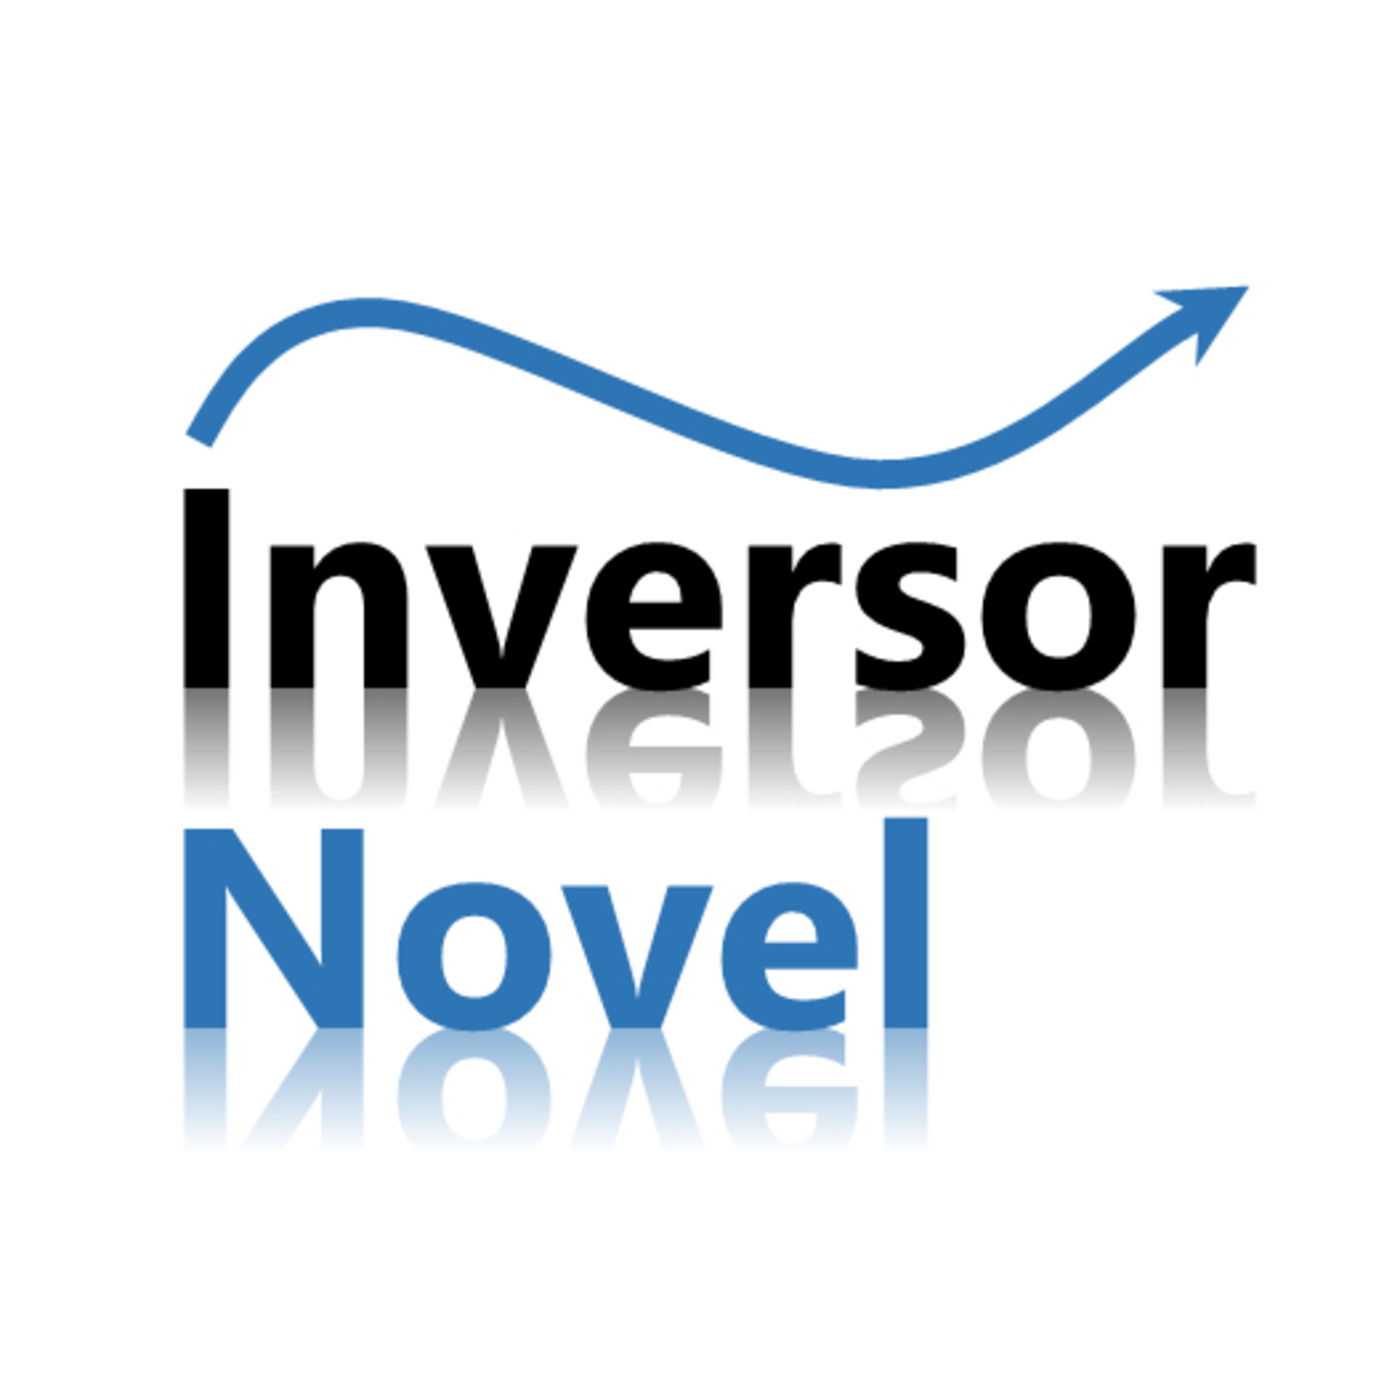 Inversor Novel
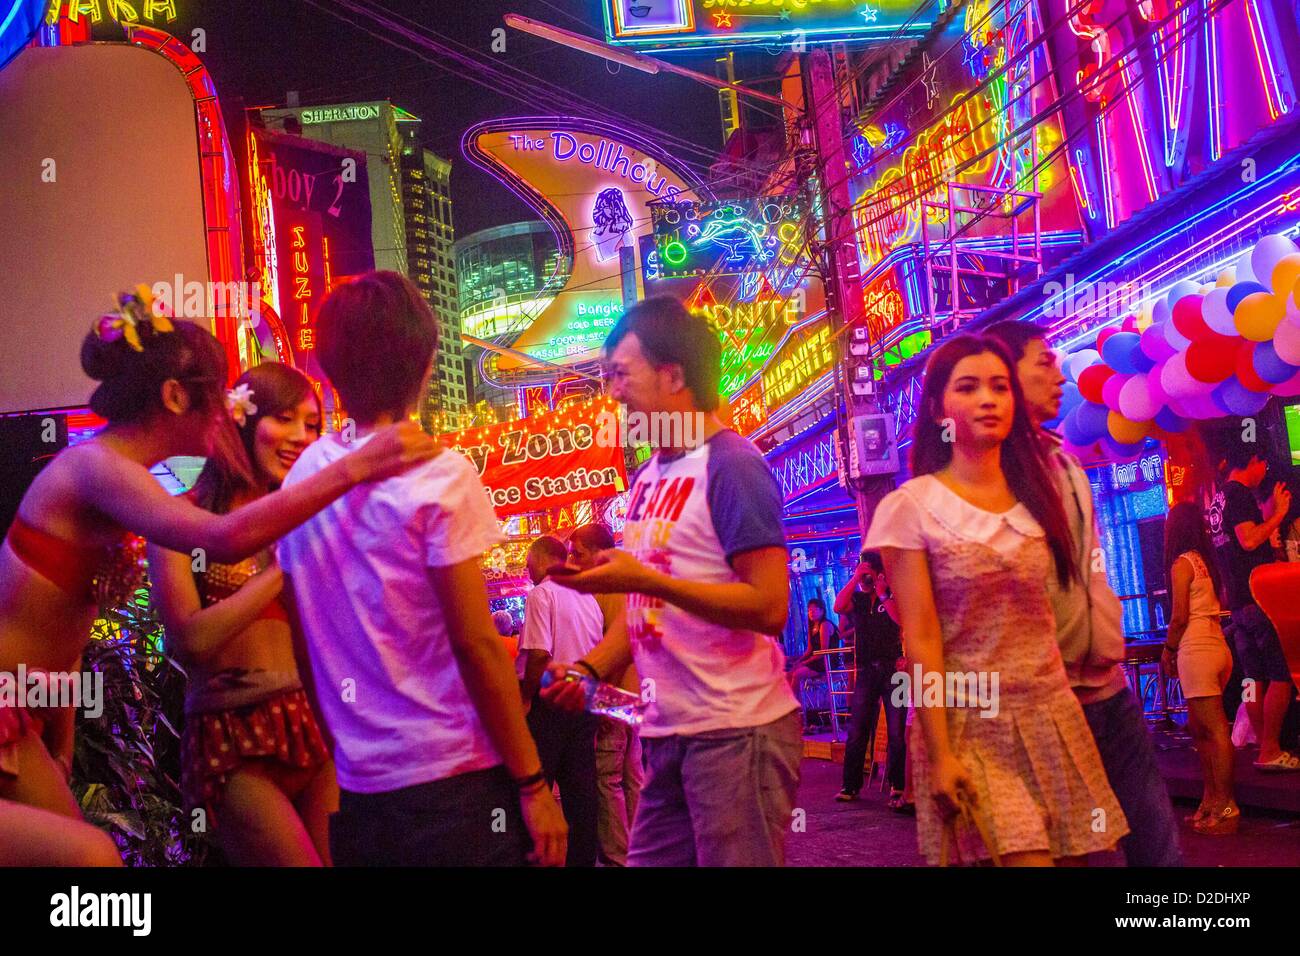 Gen 12, 2013 - Bangkok, Thailandia - Ladyboy (transgendered) animatori flirt con i clienti cercano di attirare nell'Cacatua bar in Soi Cowboy quartiere a luci rosse di Bangkok. In Thai, la ladyboys sono chiamati kathoey. Molti lavorano in divertimento e vita notturna e settori dell'economia thailandese. La prostituzione in Thailandia è illegale, anche se in pratica è tollerata e in parte disciplinati. La prostituzione è attuata apertamente in tutto il paese. Il numero di prostitute è difficile da determinare, le stime variano ampiamente. Poiché la guerra del Vietnam, Thailandia ha acquisito una notorietà internazionale tra Foto Stock
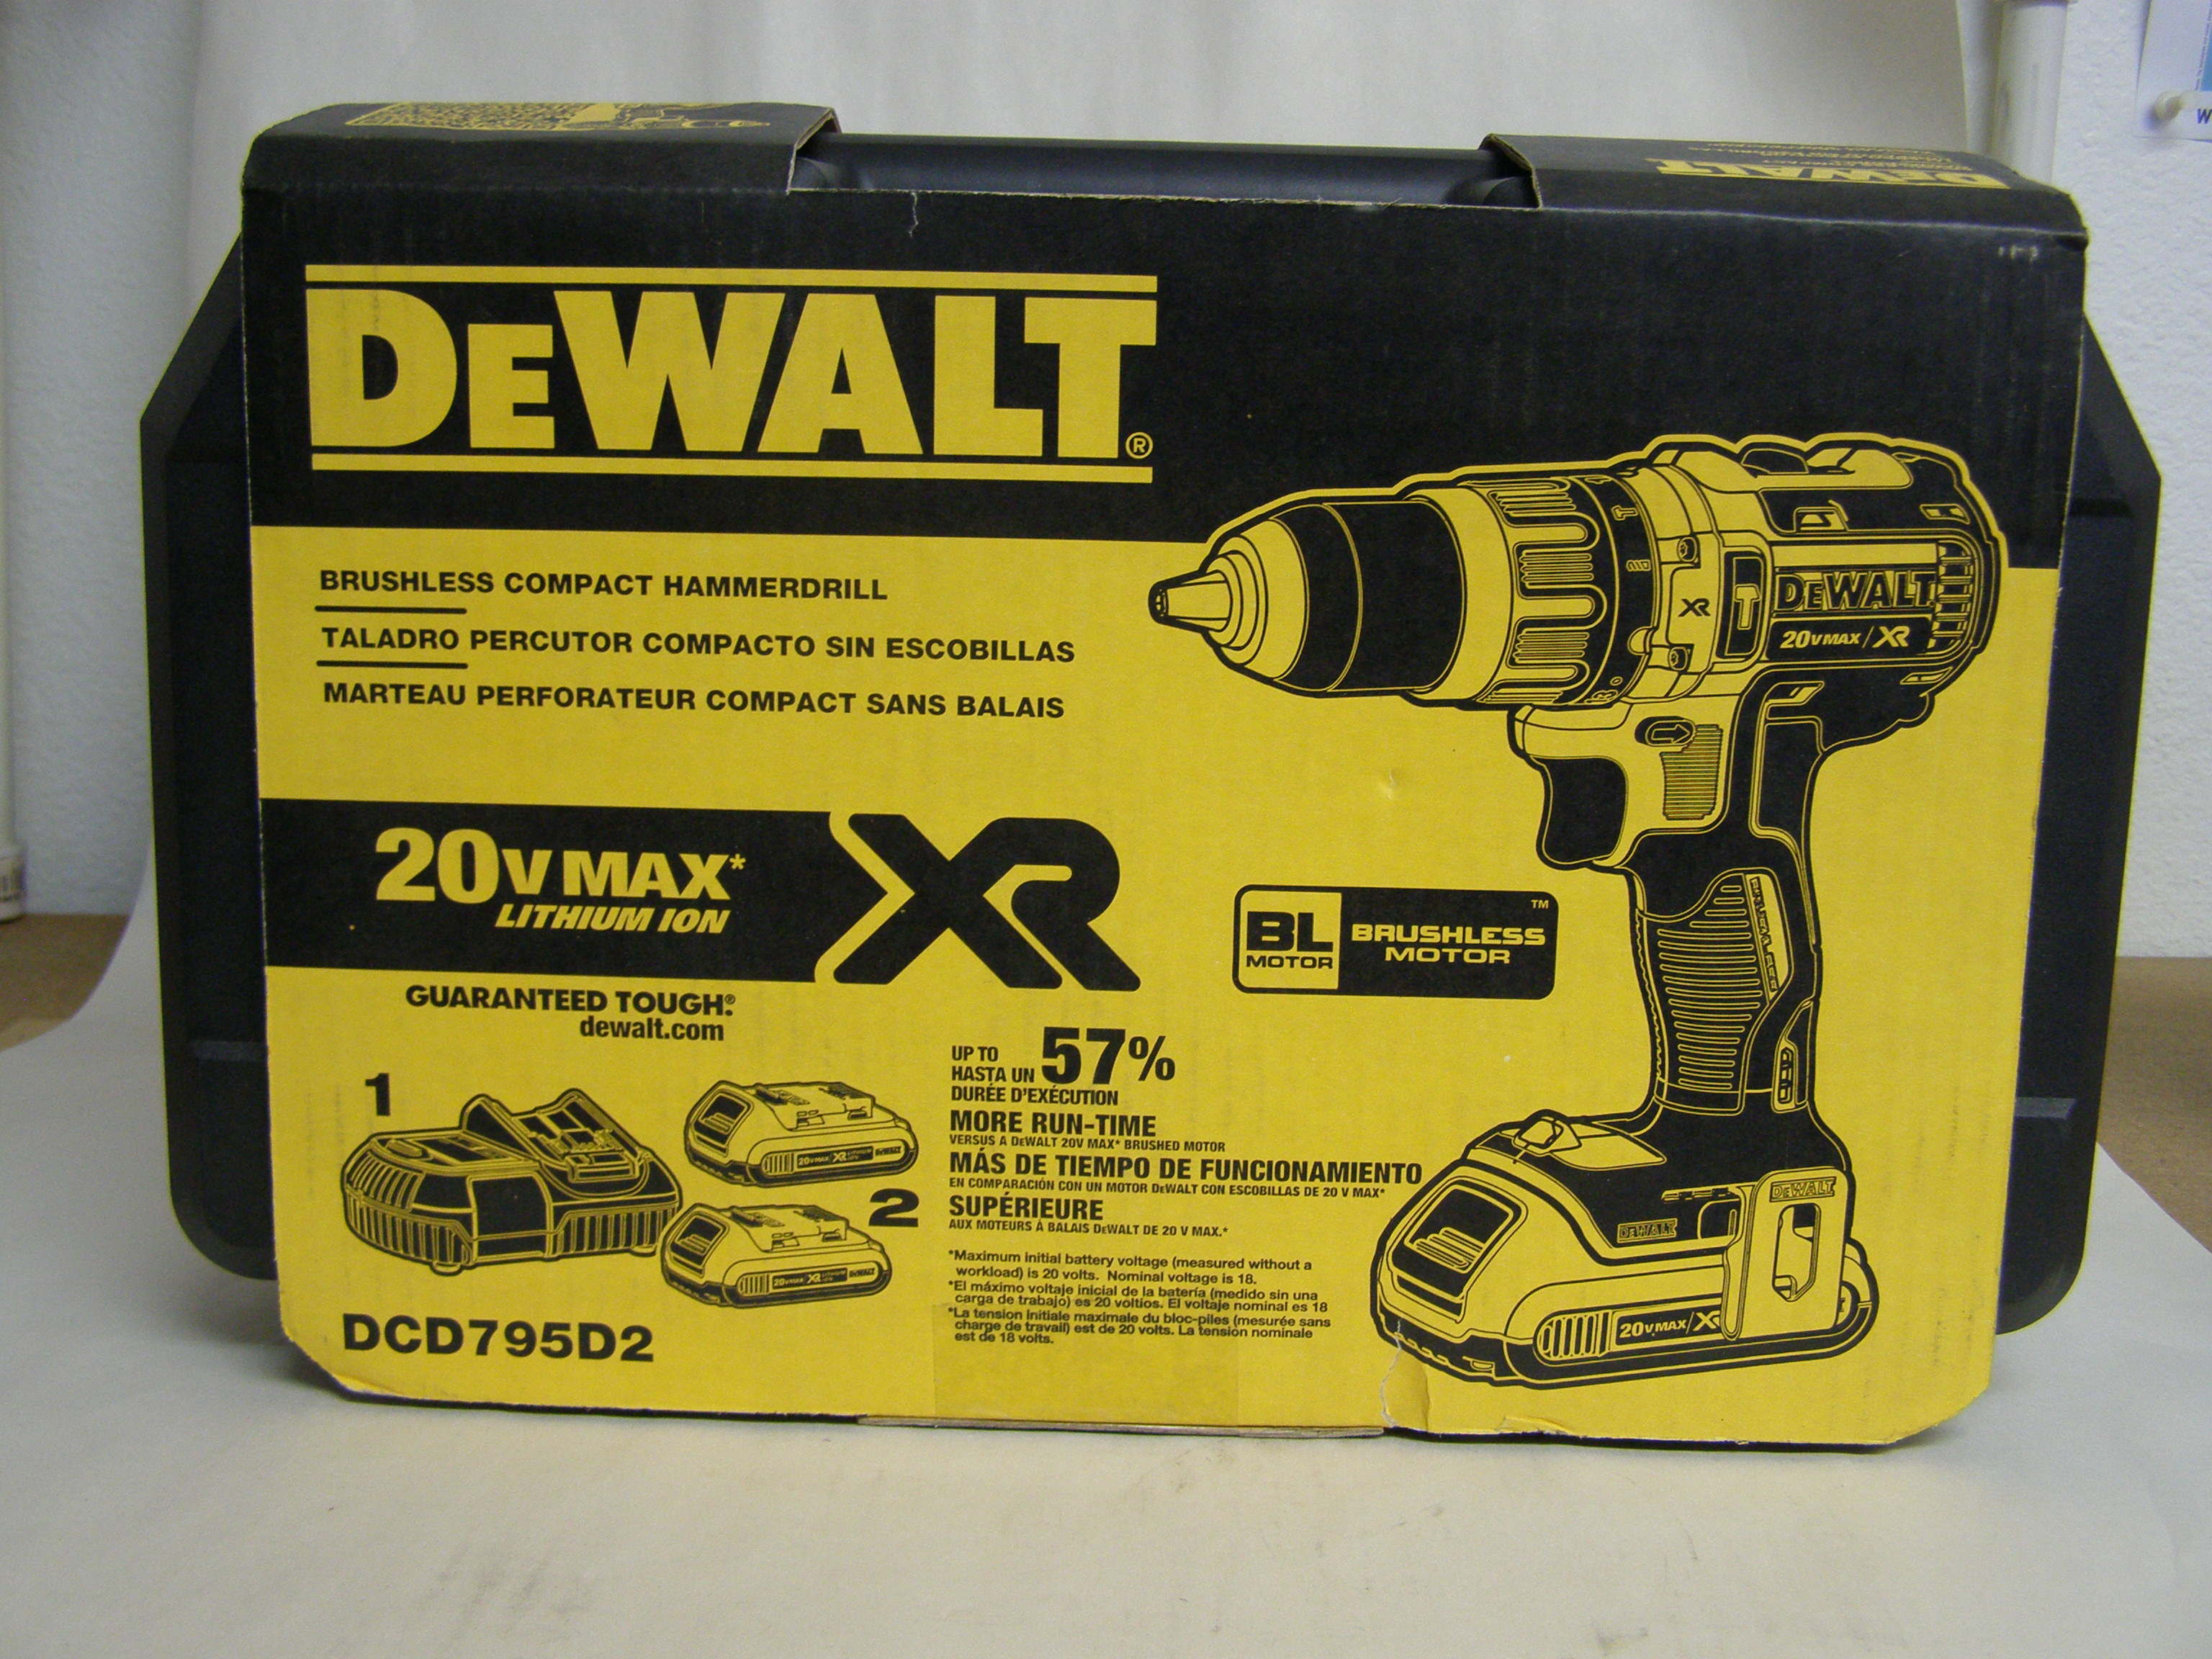 DeWalt Hammer Drill Kit 20V MAX* XR Lithium Ion Brushless Compact Hammerdrill Kit
DCD795D2
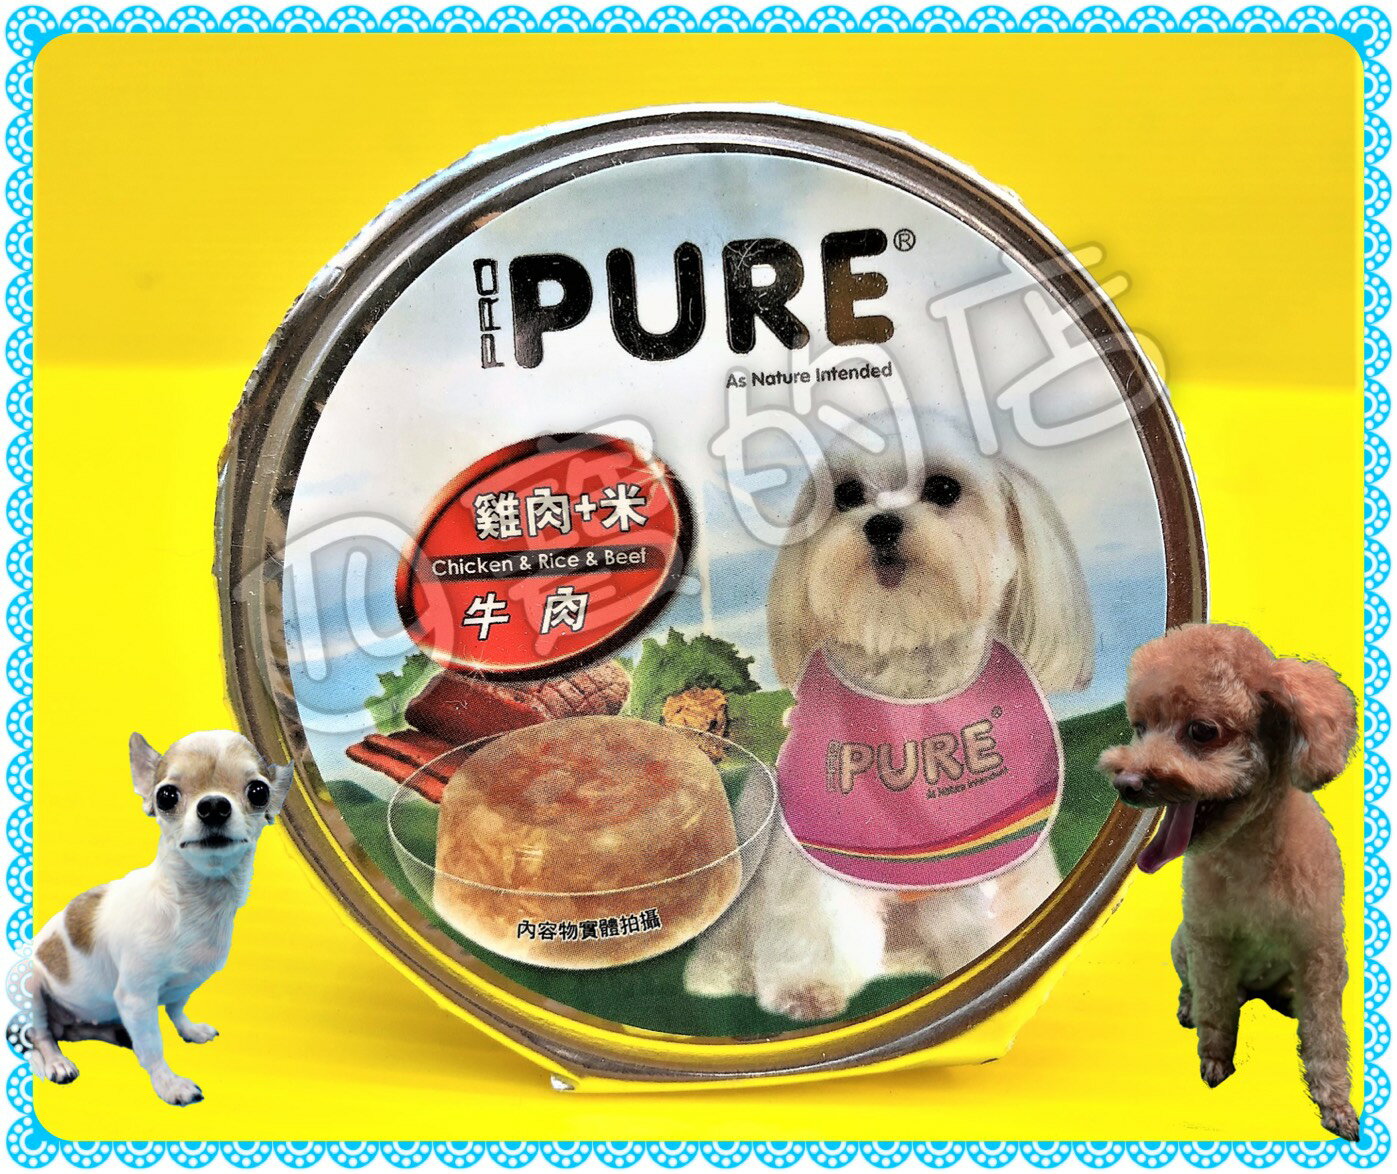 ✪四寶的店n✪猋➤(牛肉)雞肉+米+牛肉 80g/罐➤六種口味 PURE PUREP 巧鮮杯 猋 犬 罐頭 狗 餐盒 鋁箔杯

▶ Exercise description:
Quote every line of the records above exactly; no picture is to be copied.

▶ Task answer:
 Inversor Novel
 Gen 12, 2013 - Bangkok, Thailandia - Ladyboy (transgendered) animatori flirt con i clienti cercano di attirare nell'Cacatua bar in Soi Cowboy quartiere a luci rosse di Bangkok. In Thai, la ladyboys sono chiamati kathoey. Molti lavorano in divertimento e vita notturna e settori dell'economia thailandese. La prostituzione in Thailandia è illegale, anche se in pratica è tollerata e in parte disciplinati. La prostituzione è attuata apertamente in tutto il paese. Il numero di prostitute è difficile da determinare, le stime variano ampiamente. Poiché la guerra del Vietnam, Thailandia ha acquisito una notorietà internazionale tra Foto Stock
 DeWalt Hammer Drill Kit 20V MAX* XR Lithium Ion Brushless Compact Hammerdrill Kit
DCD795D2
 ✪四寶的店n✪猋➤(牛肉)雞肉+米+牛肉 80g/罐➤六種口味 PURE PUREP 巧鮮杯 猋 犬 罐頭 狗 餐盒 鋁箔杯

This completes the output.